The owners of a hotel near Keswick have definitely got their pies firmly on the prize.
Ben and Sharon Henderson, who run the Swinside Inn – a six-bedroom hotel with a restaurant – have now opened a traditional pie shop in Penrith.
Henderson’s homemade pies and local produce is located in the Great Dockray premises which, for many years, had been a family-run butchers’ shop.
Near the Swinside Inn they also have a two-acre field where they breed their rare Tamworth pigs.
“It is the original British pig – there are only about 300 registered in the UK. We make our sausage and bacon from them, and the pork,” explained Ben, who first got started making sausage from his Tamworth pigs through lockdown.
“All our bacon and sausage has got no preservatives, no nitrates, no bad things in it. It is going back to absolute basics of how it used to be. It is not mass produced. It is small scale, local, traditional food.”
The pies started off through the hotel and helping them on a few days a week in the Penrith shop is Caroline Thorman, who was head chef at the Swinside Inn which Ben and Sharon have run for about 11 years.
Ben said: “It is just about providing traditional home-cooked fare.
“We are doing pies at first, but eventually it will be a lot more like cooked meats and specialised meals and things like that. We also sell eggs and make our own chutneys and jams on site. Eventually we will be doing things like our own roasted meats and hams.”
The couple, who are both trained chefs, had been planning on opening a delicatessen possibly in the next two years, but when the unit came up in Penrith, they decided to take it as it also has a cellar.
Over the next 12 months, that cellar is going to be fitted out so it can be used for hanging their meats in.
“The whole ethos of the business is that all the meat is provided direct from family farms. That is the business model – where you can come in and have a pie and you know where that mutton has come from or that steak has come from. It is just traditional cooking. It is back to basics,” said Ben.
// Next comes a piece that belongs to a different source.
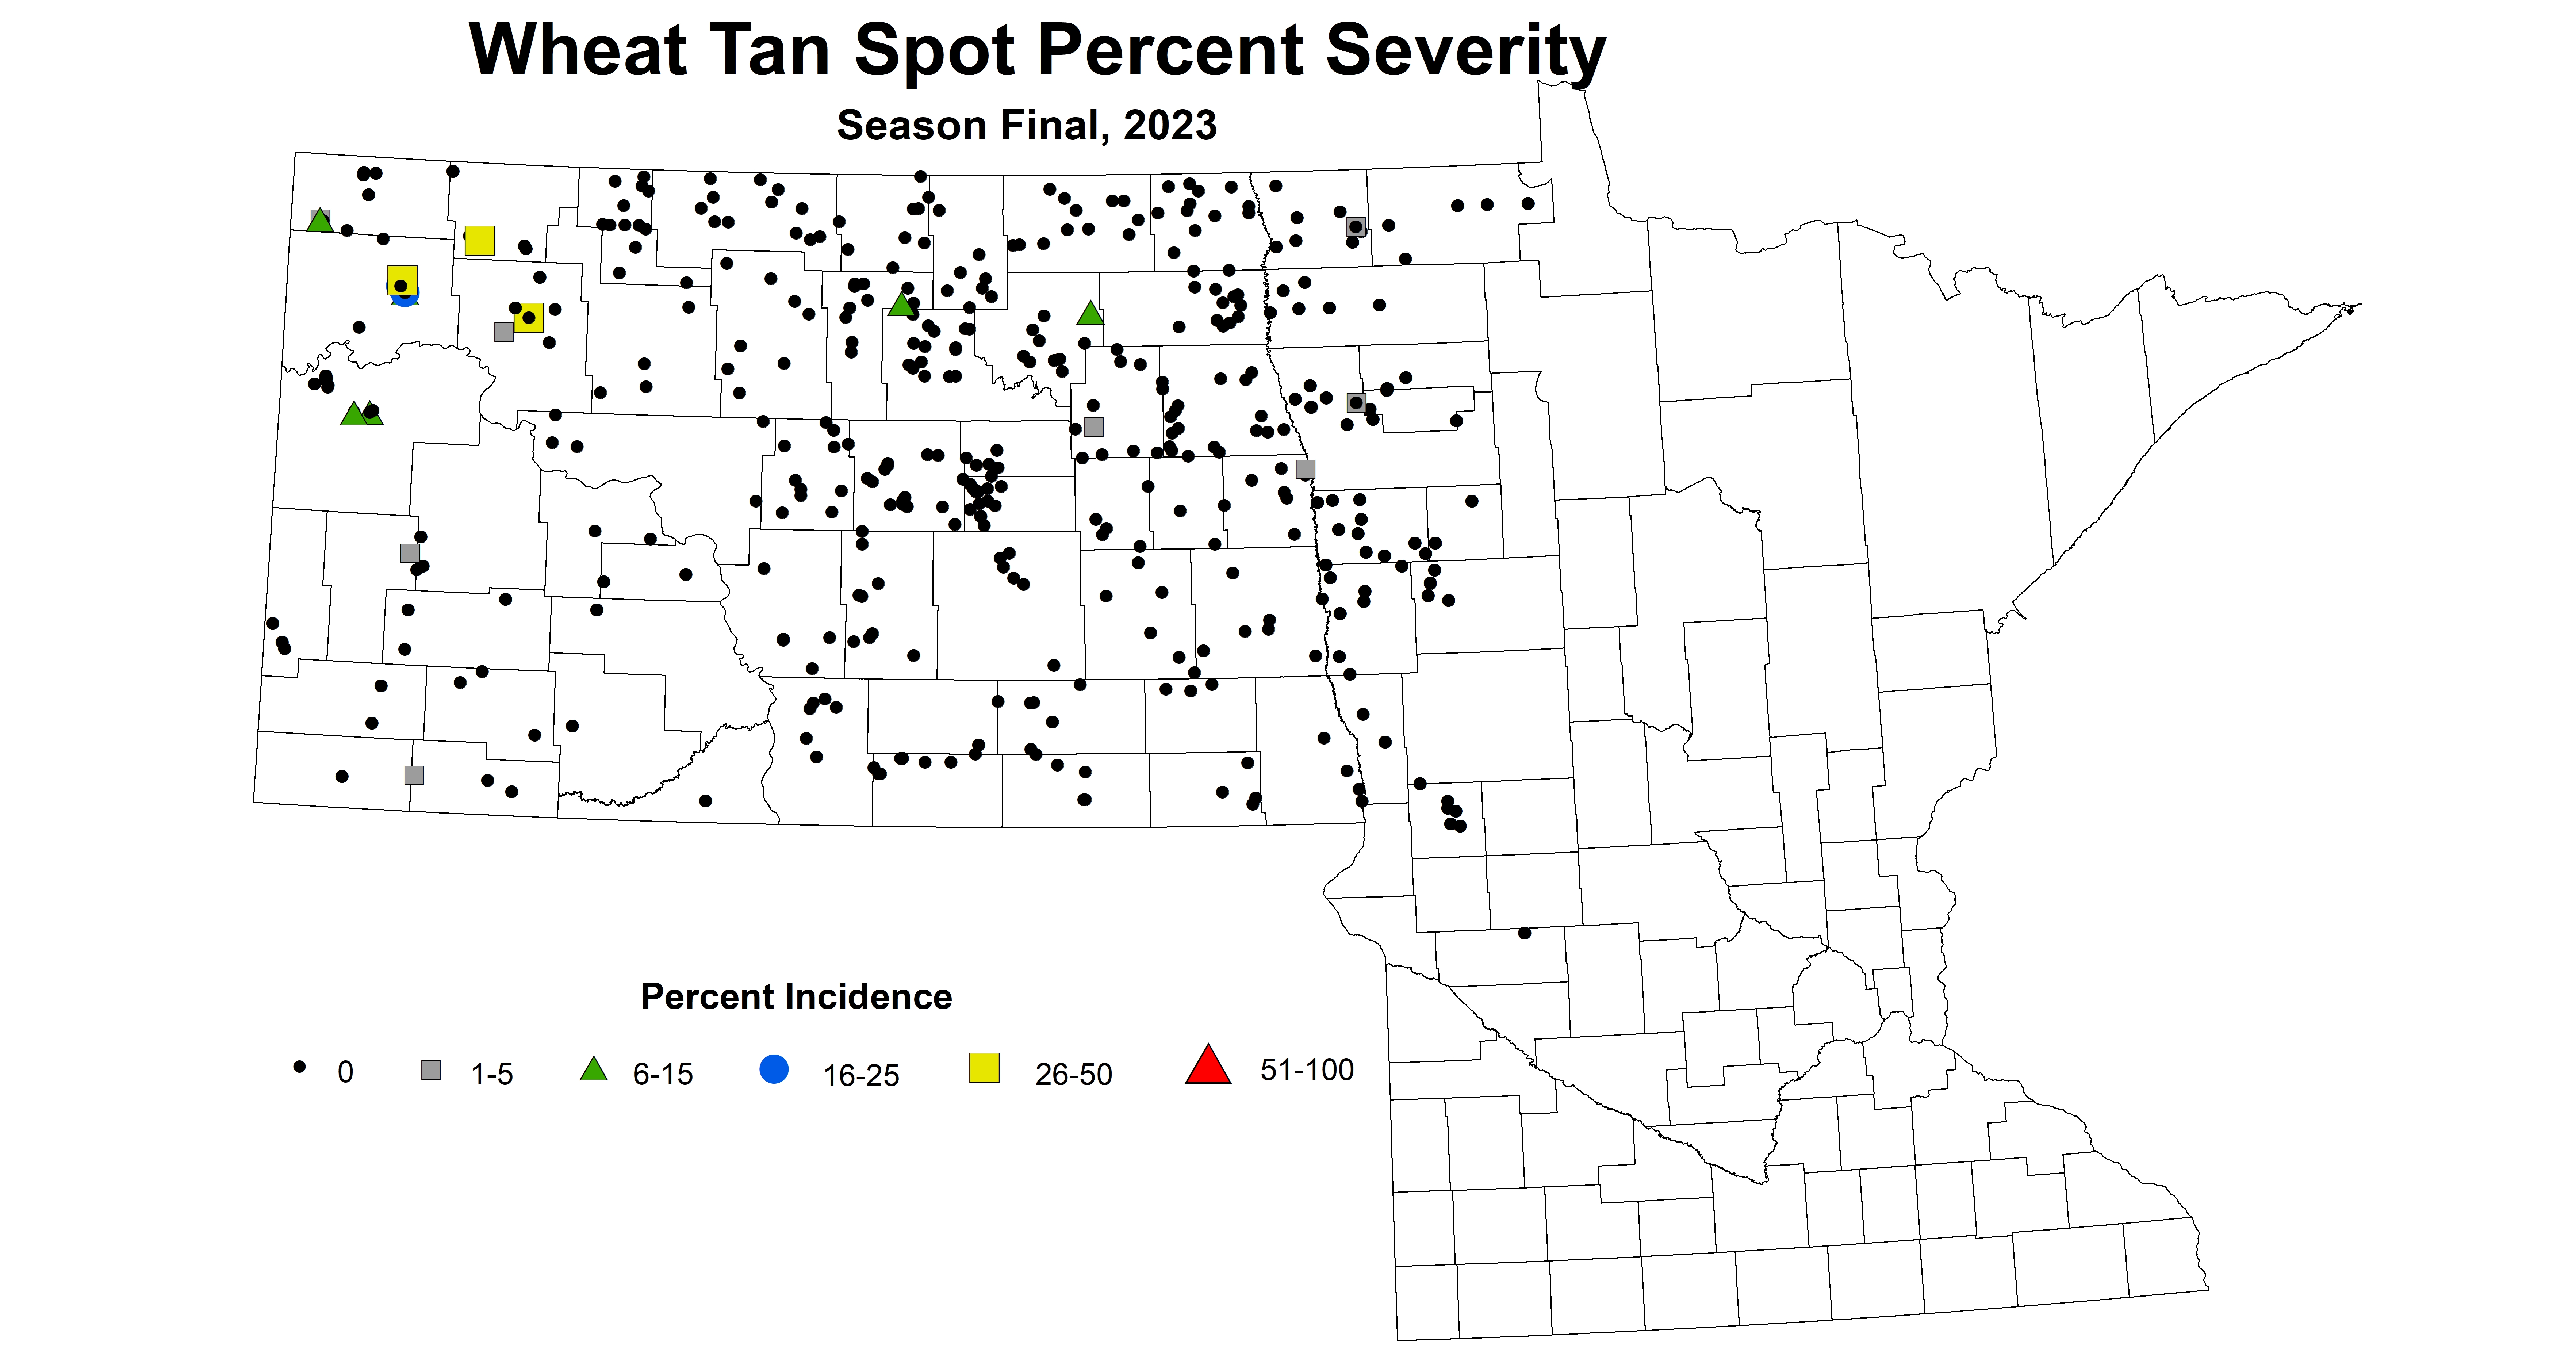 wheat tan spot severity season final 2023

Although he says that he doesn’t do mainstream butchering, so can’t claim to be a butcher, Ben does butcher his own pigs and sheep – and also butchered the latest cow himself, but admitted that that did take him twice as long.
“Pies are only 25 per cent of what we will eventually do. You will be able to go there and buy Cumberland ham. It will be a local delicatessen eventually.
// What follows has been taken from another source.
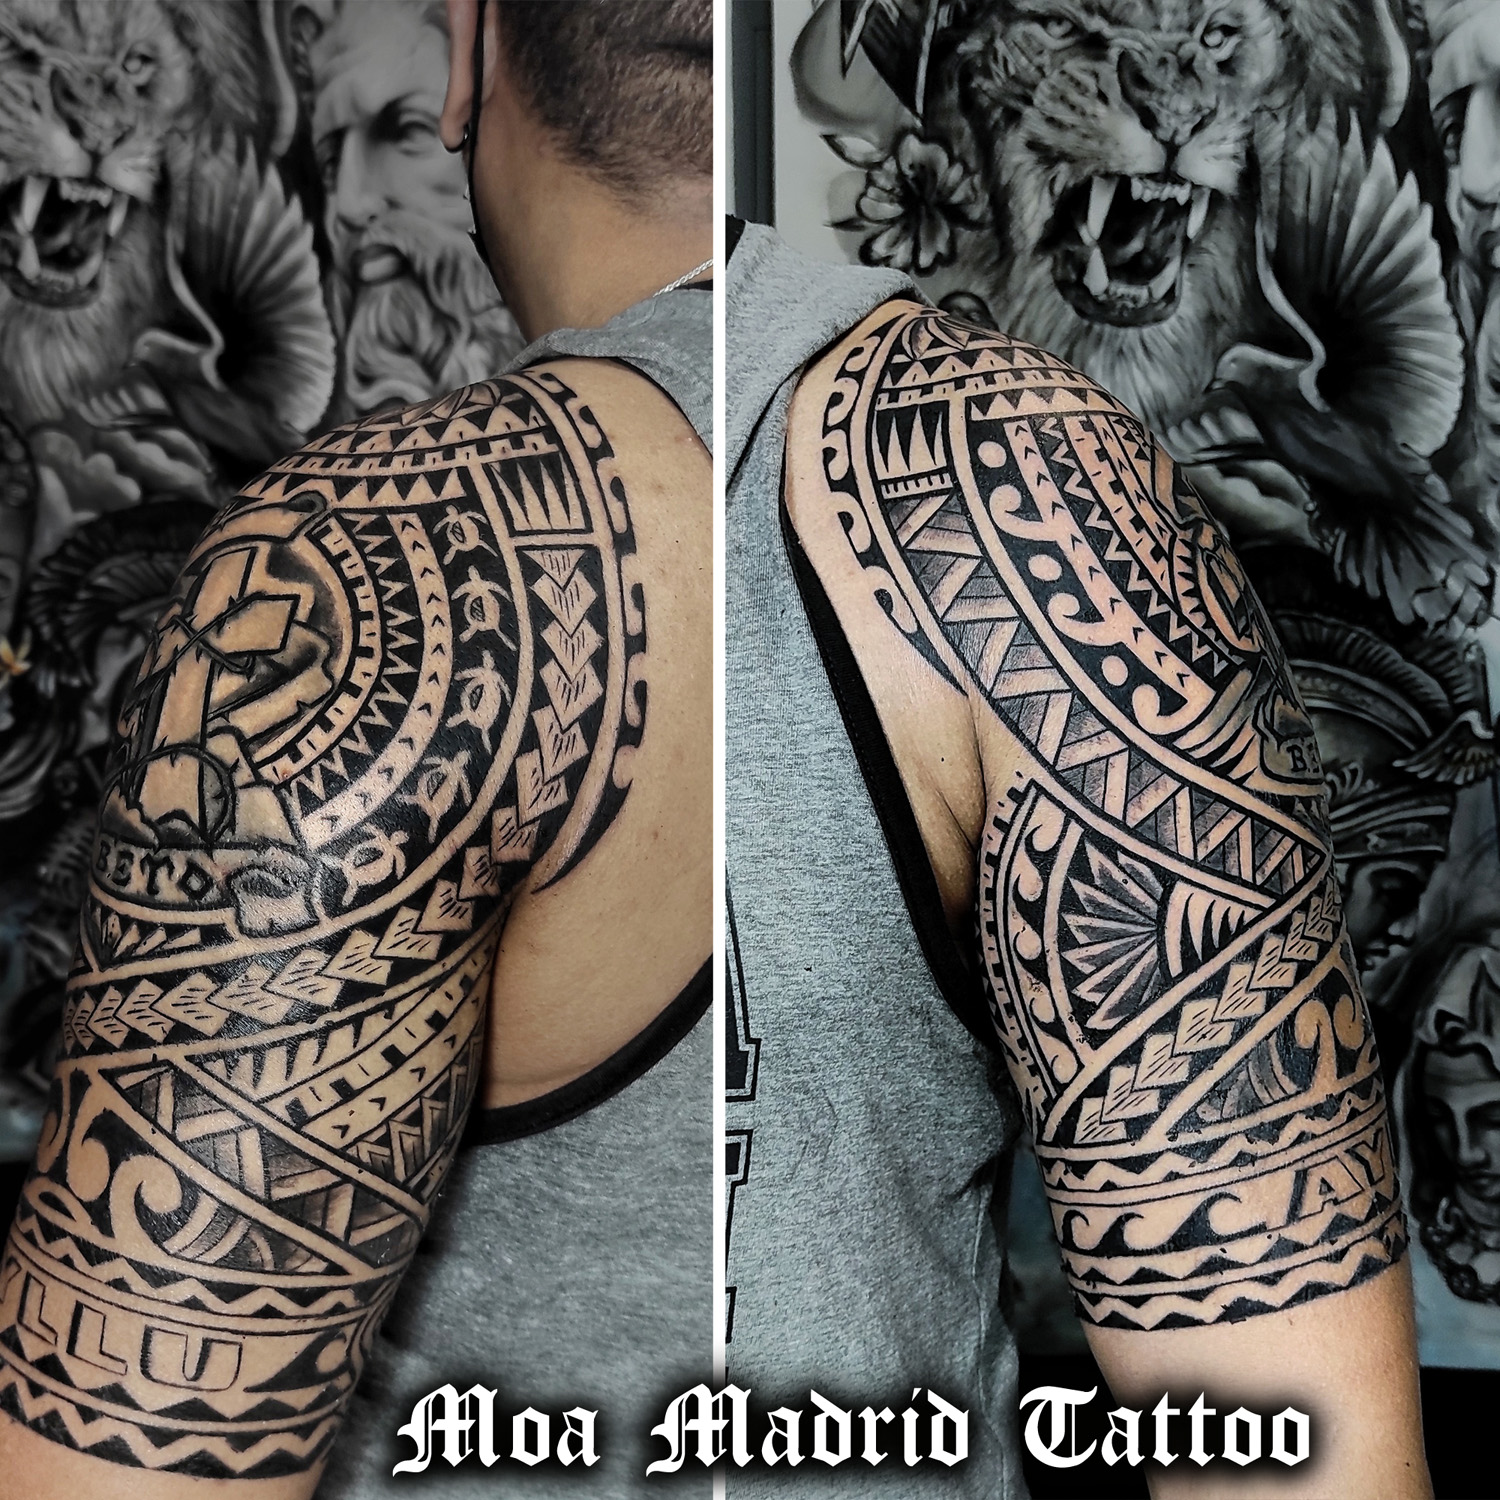 Viene de Estados Unidos a hacerse un tatuaje maorí en Madrid tatuaje maorí, diseño exclusivo en Madrid

“When we say local, we have the name of the name person, the farm, what they are fed on. Absolute transparency.
“A lot of our meats are from Deer and Dexter at Penruddock or Gemma Dobson at Simple Farming at Appleby. She raises all her sheep and her cows on herb grass.”
Ben, who hails from Preston, has a background in food, pubs and hotels.
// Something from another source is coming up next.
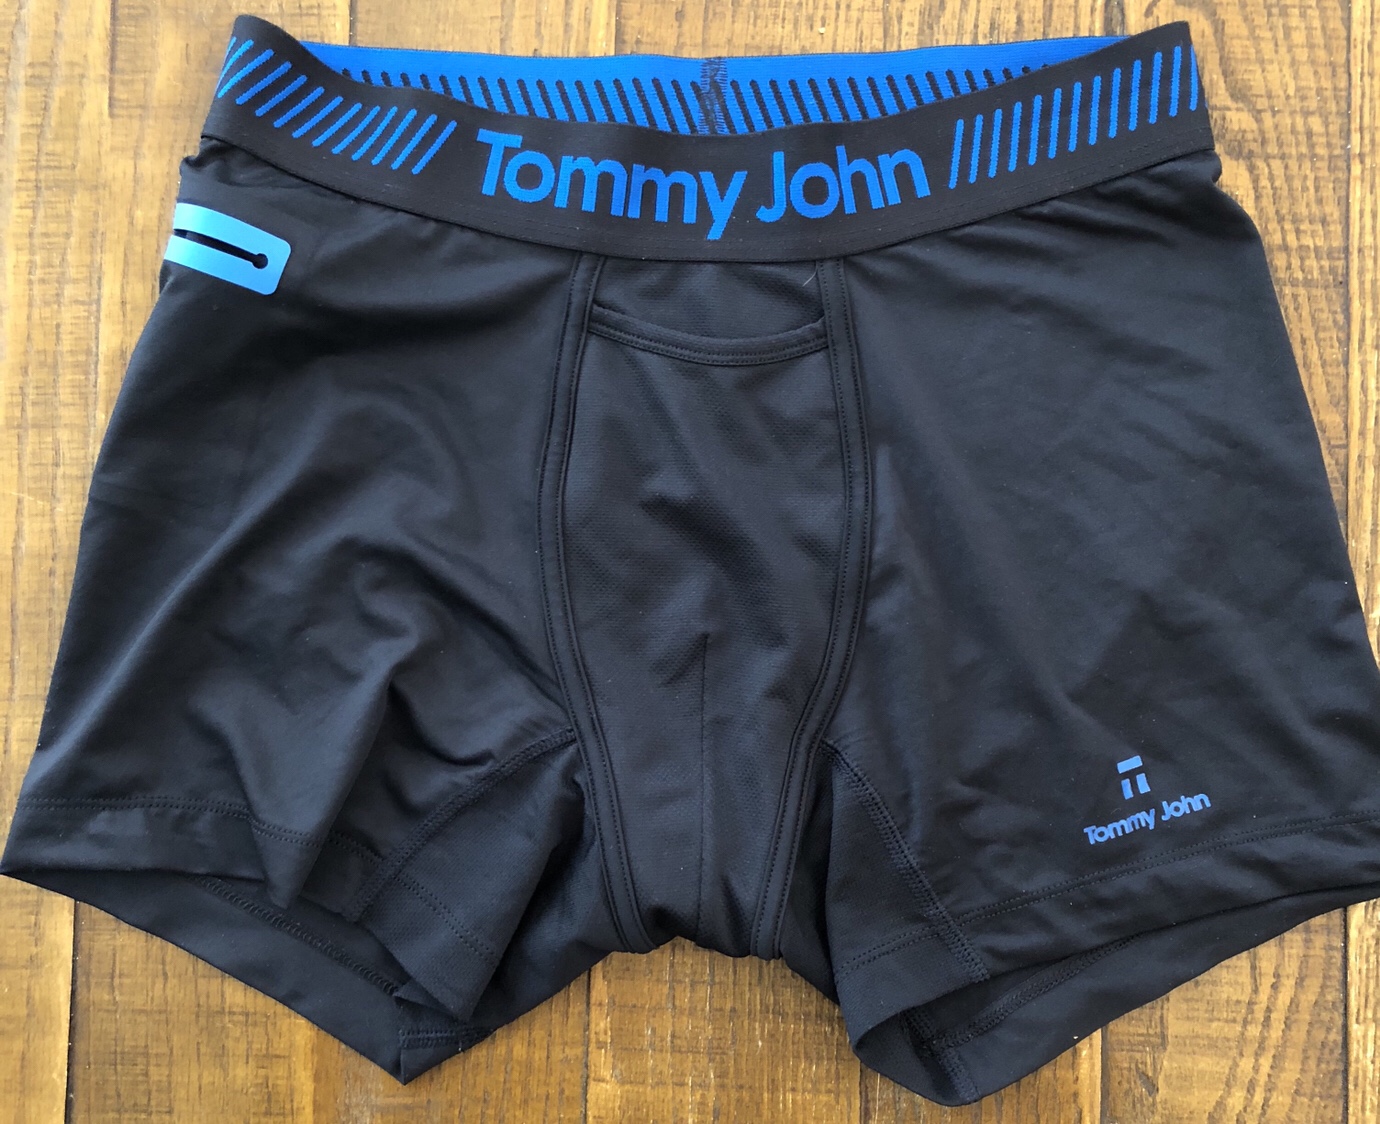 buy tommy john underwear

He added: “The idea was that we would open up nice and quietly for a year or two, but the demand is huge. We see the same faces everyday, as well as new faces. It’s brilliant.”
Their range of pies includes vegan, gluten free, steak, mutton, pork apple and leak, plus chicken, bacon and leek varieties, as well as sausage rolls made from pork shoulder which include sage, rosemary, thyme, nutmeg, cayenne and black pepper.